Two anti-bullfighting protesters wearing T-shirts wearing “bullfighting is a sin” at the Vatican were taken away on 3 June after interrupting Pope Leo’s popemobile before an audience.
“Thousands of bulls are mercilessly tortured and killed each year during Catholic celebrations,” Peta’s campaign said. “Rather than upholding Christ’s teachings of love and mercy, the Catholic Church is actively supporting these sadistic spectacles.
“As numerous countries are wisely banning this sick form of ‘entertainment’, the Catholic Church must immediately cut its shameful ties with bullfighting.”

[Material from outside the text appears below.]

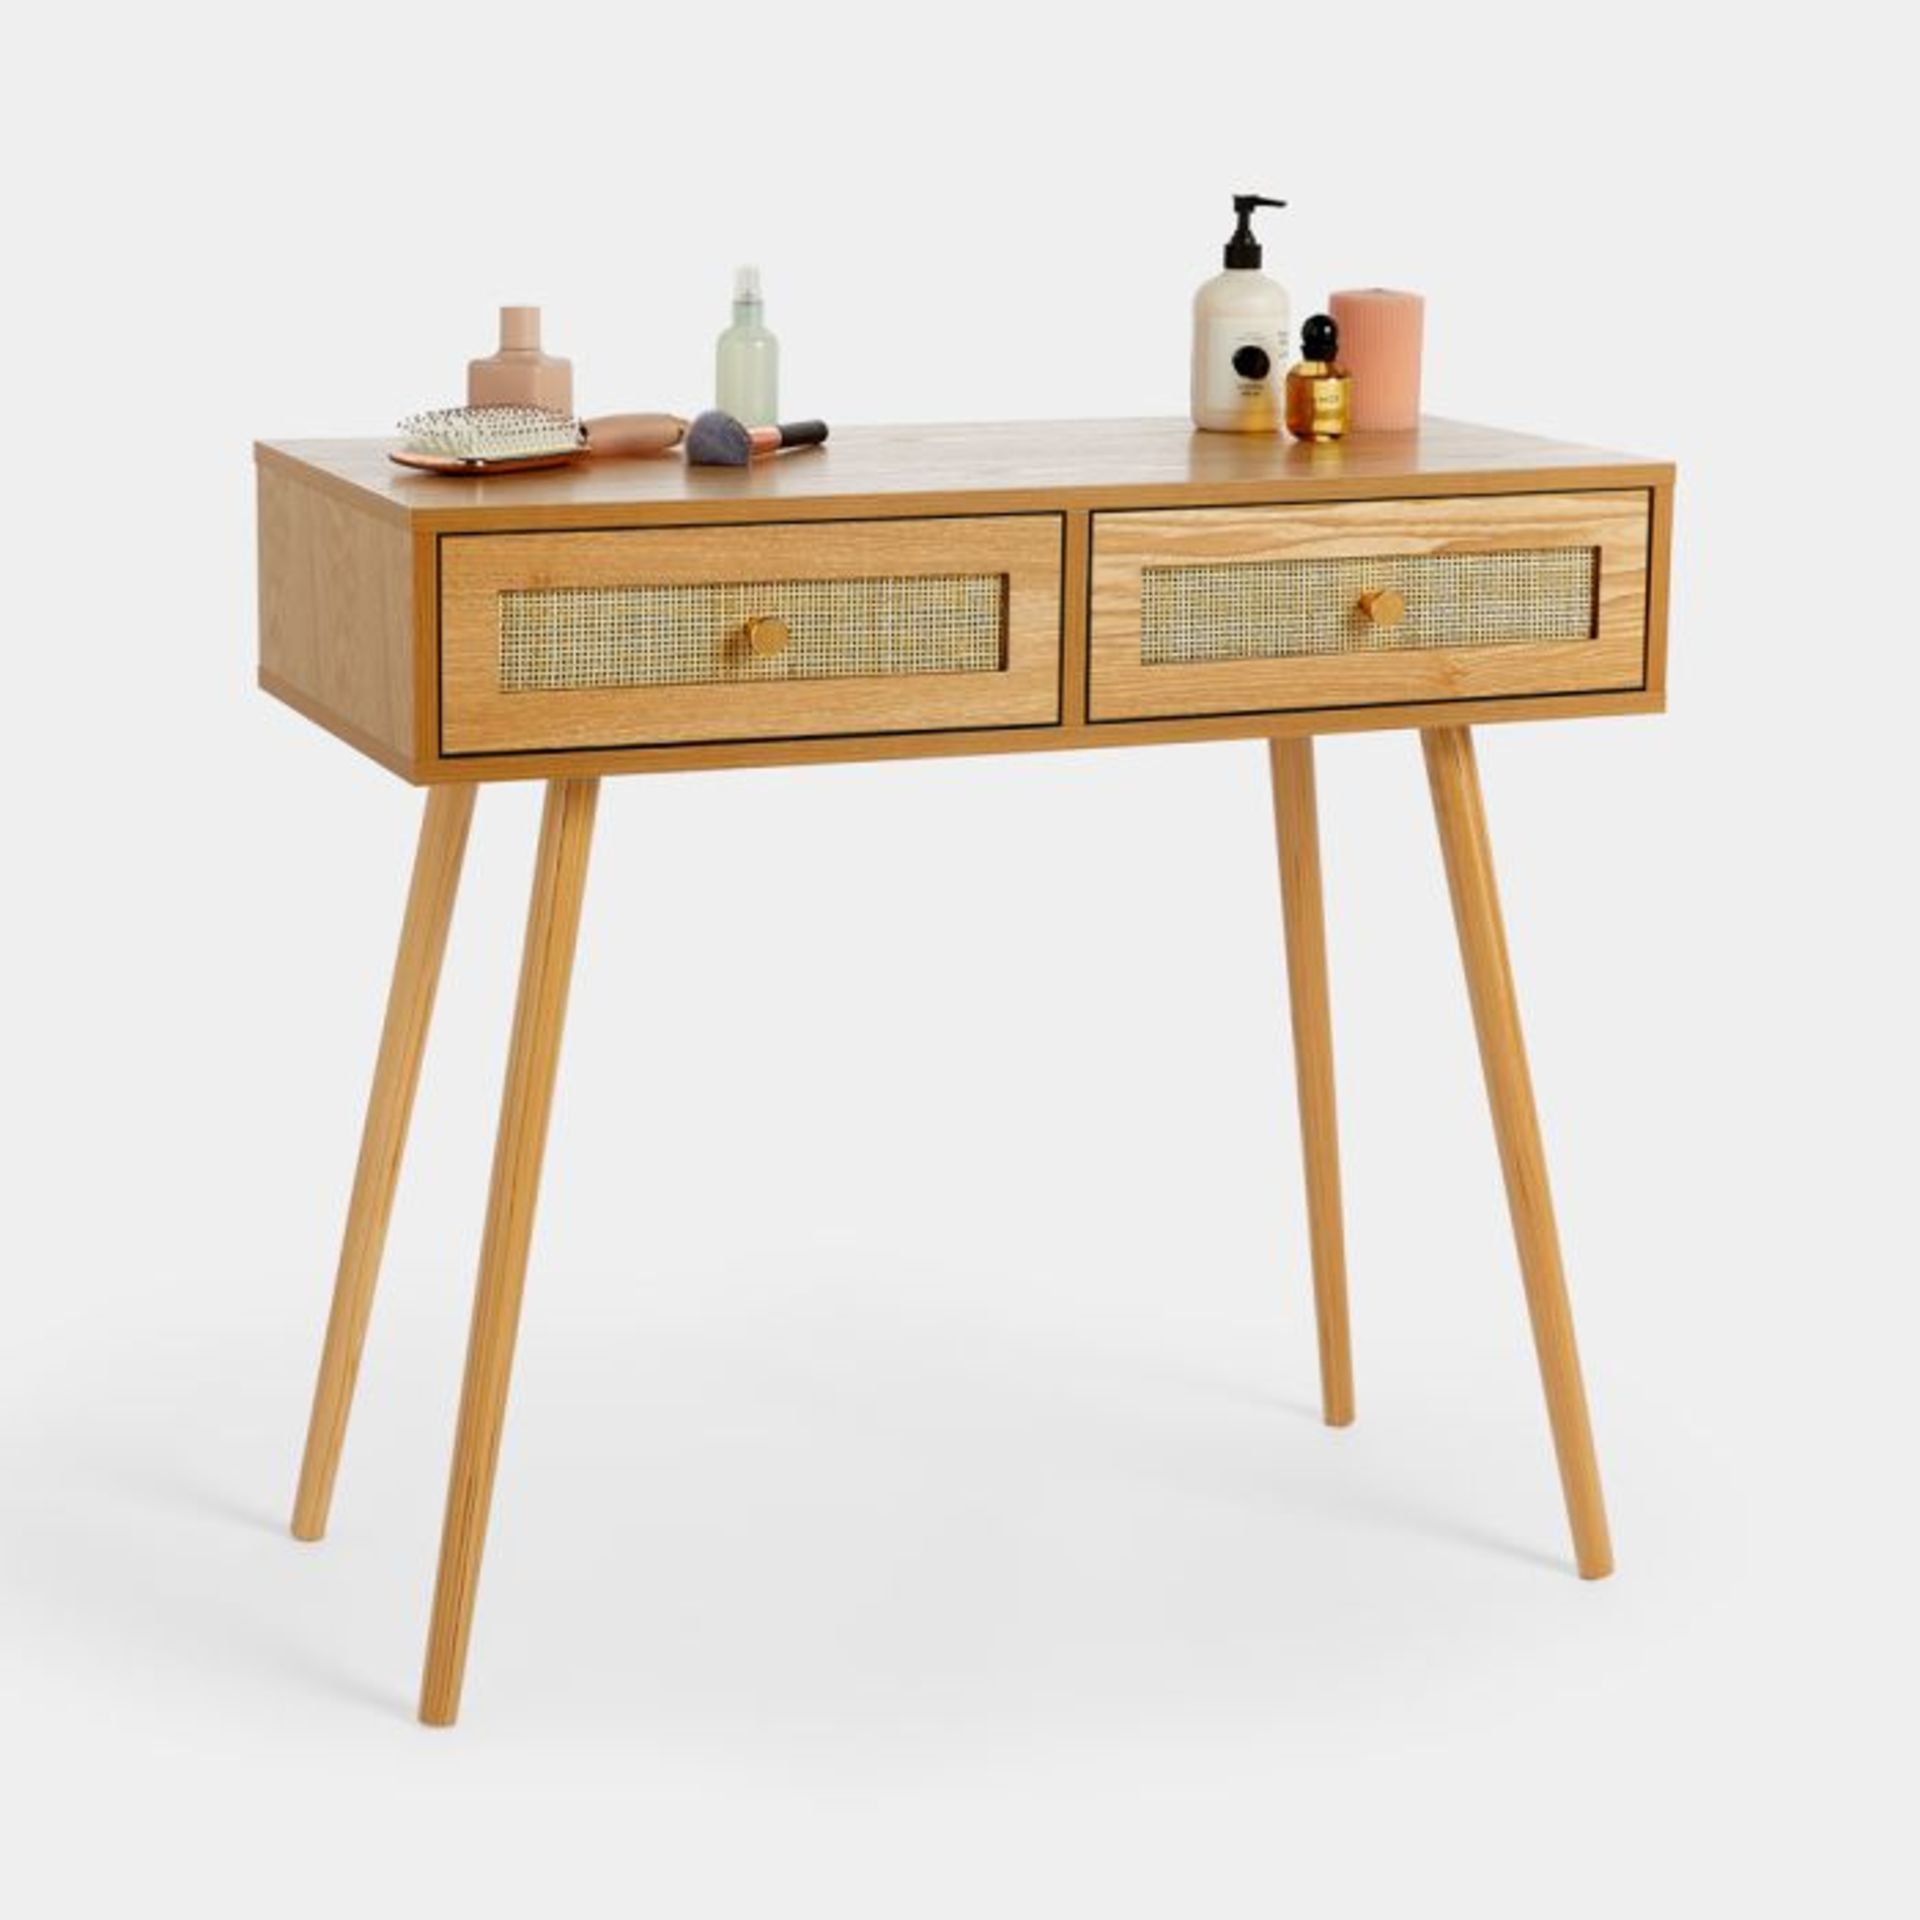 Rattan Dressing Table Desk. - ER37. Bring an earthy, natural feel to your space with a combination

Several Spanish Catholic priests subsequently released a video defending bullfighting, comparing it to the sacrifice of Christ, despite the Catechism of the Catholic Church forbidding cruelty to animals.
Pope Pius V condemned bullfighting as “cruel and base spectacles of the devil and not of man” in the 16th century.
The bloodsport subjects the bulls to long, painful deaths: they are repeatedly stabbed with barbed harpoons, before a sword is driven into their lungs and a dagger is used to sever their spinal cord; in some cases, the bull is left paralysed, and sometimes its ears are cut off.
Pope Leo’s procession through Monaco in March was also disrupted by Peta supporters, who threw themselves in front of the popemobile.
The protestors knelt in front of the Pope’s vehicle holding signs saying “Pope Leo: Help End Bullfighting”, until the police arrested them.
In February, Pope Leo was presented with a bullfighter’s cape at the end of his open-air weekly general audience in St Peter’s Square.
Pope Leo is also to visit France in September, where about a thousand bulls are killed in bullfights every year, and in some areas saints’ patronal festivals are celebrated with other traditional sports involving bulls being terrorised before an audience.